We saw in Folding fractions that you can fold any fraction using a method developed by Kazuo Haga, a retired biology professor from Japan. But why does this method work?
Folding a third
As before, let's start off with folding a third. Take a square piece of paper and mark half way along top side with a small crease.
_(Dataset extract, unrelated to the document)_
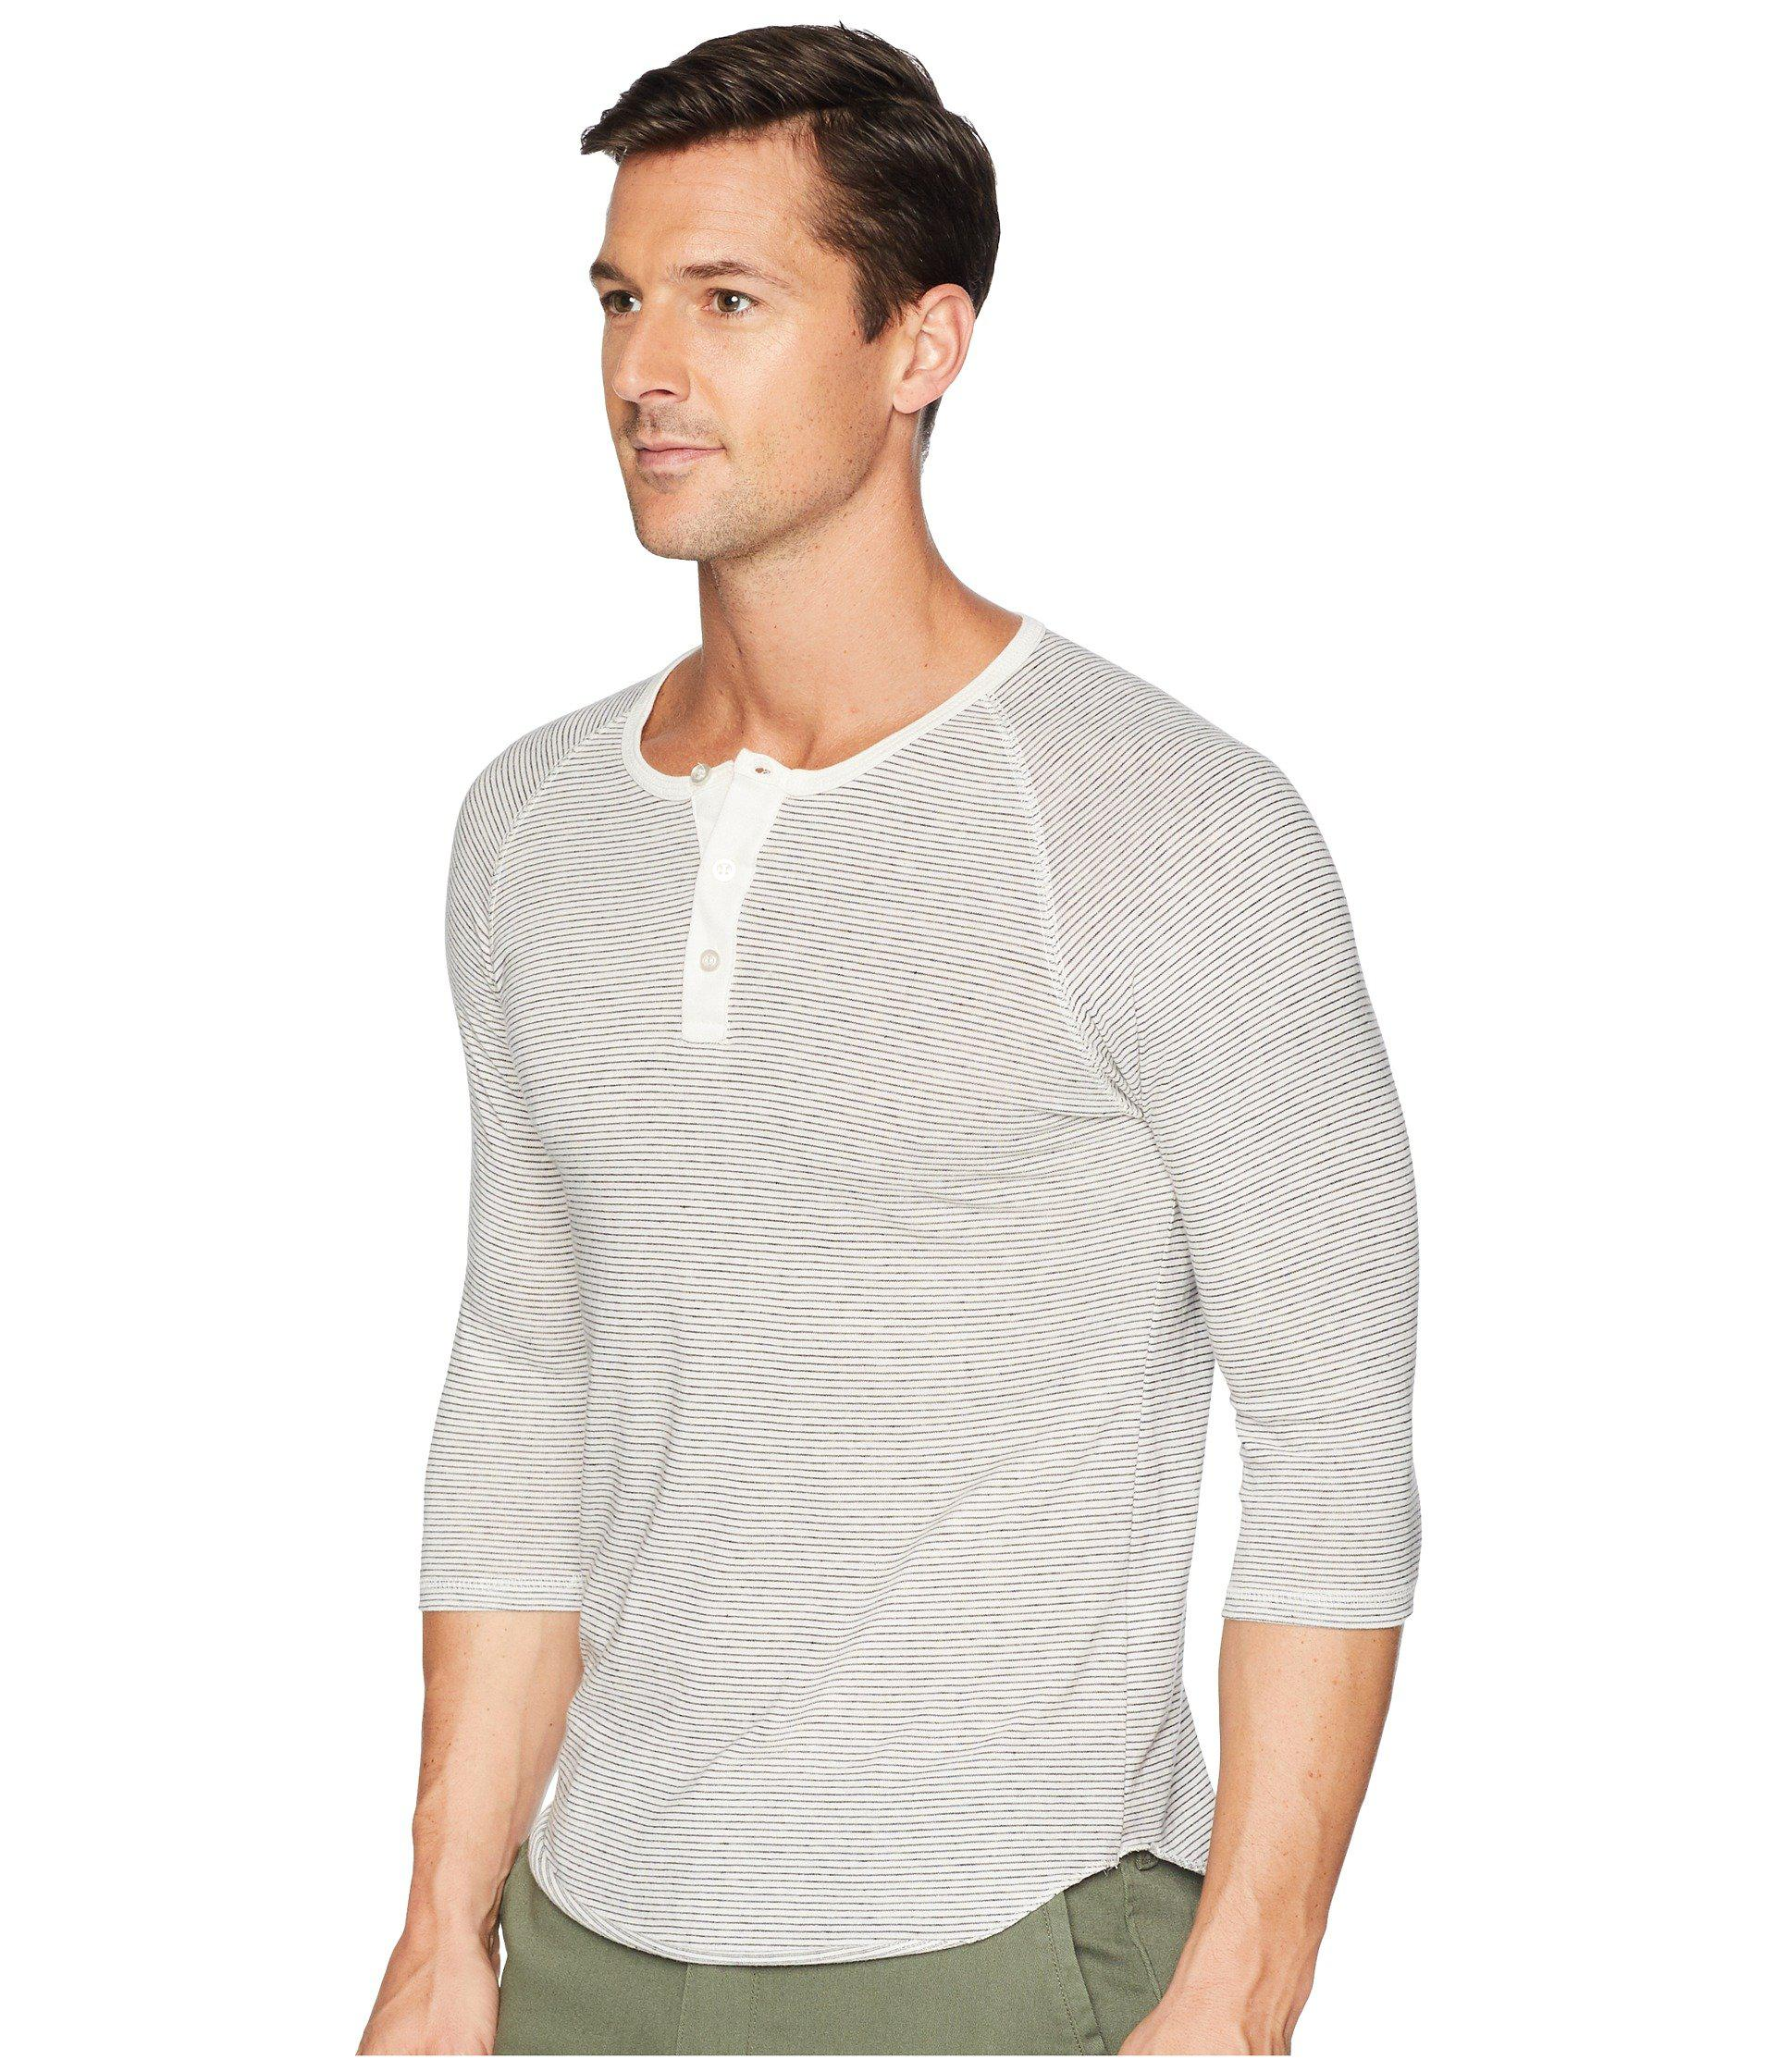 6eefced67 Alternative Apparel 3/4 Raglan Henley (eco Ivory Seaside Stripe) Men's  Clothing in White for Men - Lyst
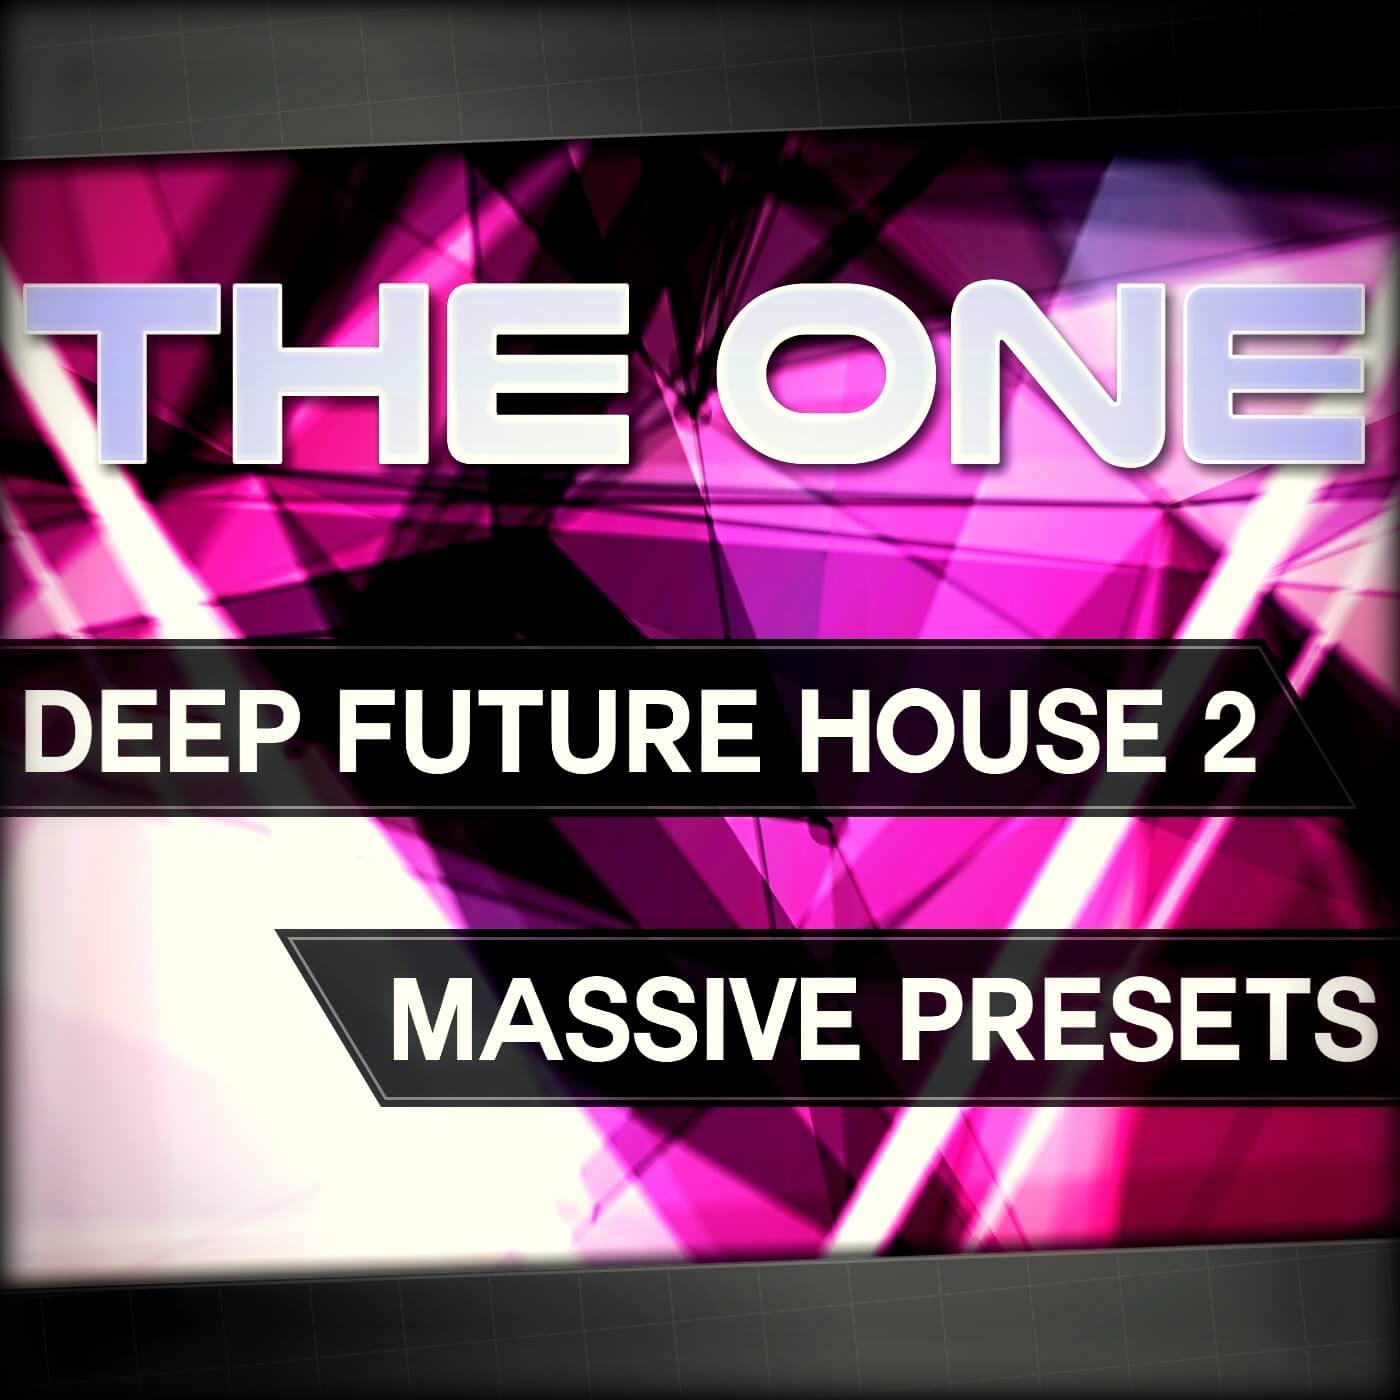 THE ONE: Deep Future House 2

Now fold the bottom left corner to meet this halfway mark and crease the paper.
The first thing to notice is an interesting relationship between the three triangles you've created, one on the top-left, one on the top-right, and one on the bottom-left overhanging the side of the paper.
At the centre of the top edge three angles fit together to make 180 degrees. One of these is a right angle (marked with a square corner in the picture), which means that the pair of other angles (marked with the single and double lines in the picture) add to 90 degrees. Each of the angles of this pair also form part of a right-angled triangle (the top-right and top-left triangles), which means the other angle of the pair also appears in each of these right-angled triangles. And the bottom-right triangle also shares an angle with the top-right triangle. And, as it is also a right-angled triangle, it too contains the same pair of angles.
This all means that the three triangles are similar – they have the same shape. That is to say, they all have the same angles, and so, have the same ratios of lengths of their sides. We can use these similar triangles, along with Pythagoras' theorem, to fold the paper in thirds.
If we take the length of the side of our square paper to be 1, our top left triangle has one side of length 1/2, one side of unknown length which we'll call $x$, giving the other side a length of $1-x$. Then, by Pythagoras' theorem, we know that
$$
x^2+\frac{1}{2}^2 = (1-x)^2.
$$
Expanding this out:
$$
x^2+\frac{1}{4}=1-2x+x^2
$$
which, by rearranging, gives us $x=3/8$.
We can now calculate the length of the sides in the top-right triangle. This triangle has one side of length $1/2$ and another side of unknown length $y$. Because the triangles are similar we know that the ratio of the lengths of their sides must be the same. So
$$
\frac{y}{\frac{1}{2}} = \frac{\frac{1}{2}}{x}.
$$
And as $x=3/8$, we find that $y=2/3$. So we can construct $1/3$ by folding this length $y$ in half.
Folding any fraction
As we saw in Folding fractions, Kazuo Haga realised his method for folding a third was even more useful.
Suppose instead of folding your bottom left corner of the paper to the point halfway along the top edge, you instead fold the bottom left corner to a point a distance of $k$ along the top edge.
Then, the top-left triangle has sides of length $k$, $x$ and $1-x$. Then, as above, Pythagoras' theorem tells us that:
$$
x^2+k^2=(1-x)^2
$$
which rearranged gives $x=(1-k^2)/2$. And by the similar triangles argument we have that
$$
\frac{y}{1-k}=\frac{k}{x}.
$$
If we put these two equations together we find
$$
\frac{y}{1-k}=\frac{k}{(1-k^2)/2}
$$
which can be rearranged as
$$
y=\frac{2(1-k)k}{1-k^2}.
$$
And (since $1-k^2=(1-k)(1+k)$) this can be simplified to
$$
\frac{y}{2}=\frac{k}{1+k}.
$$
This is known as Haga’s Theorem and it allows us to fold any fraction we would like from a square piece of paper.
We've already seen $k=1/2$ allowed us to fold $1/3$. What if we rotate the square paper and fold the bottom left corner up to a point $1/3$ along the top edge? Then we have $k=1/3$ in Haga's Theorem which means that
$$
\frac{y}{2}= \frac{1/3}{4/3}=1/4.
$$
So far, starting from 1/2, we've used Haga's method to fold 1/3 and then 1/4. And if we carry on repeating this method we can fold any fraction. If we start with $k$ being some number $1/N$, then
$$
\frac{y}{2}=\frac{1/N}{1+1/N}=\frac{1}{N+1}.
$$
By repeating Haga’s method over and over, we can construct every unit fraction (one with 1 in the numerator): folding 1/5....
... folding 1/6....
...folding 1/7...
...and so on. And then we can use these to create any multiple of these unit fractions, and so fold any rational number. Hooray for Haga!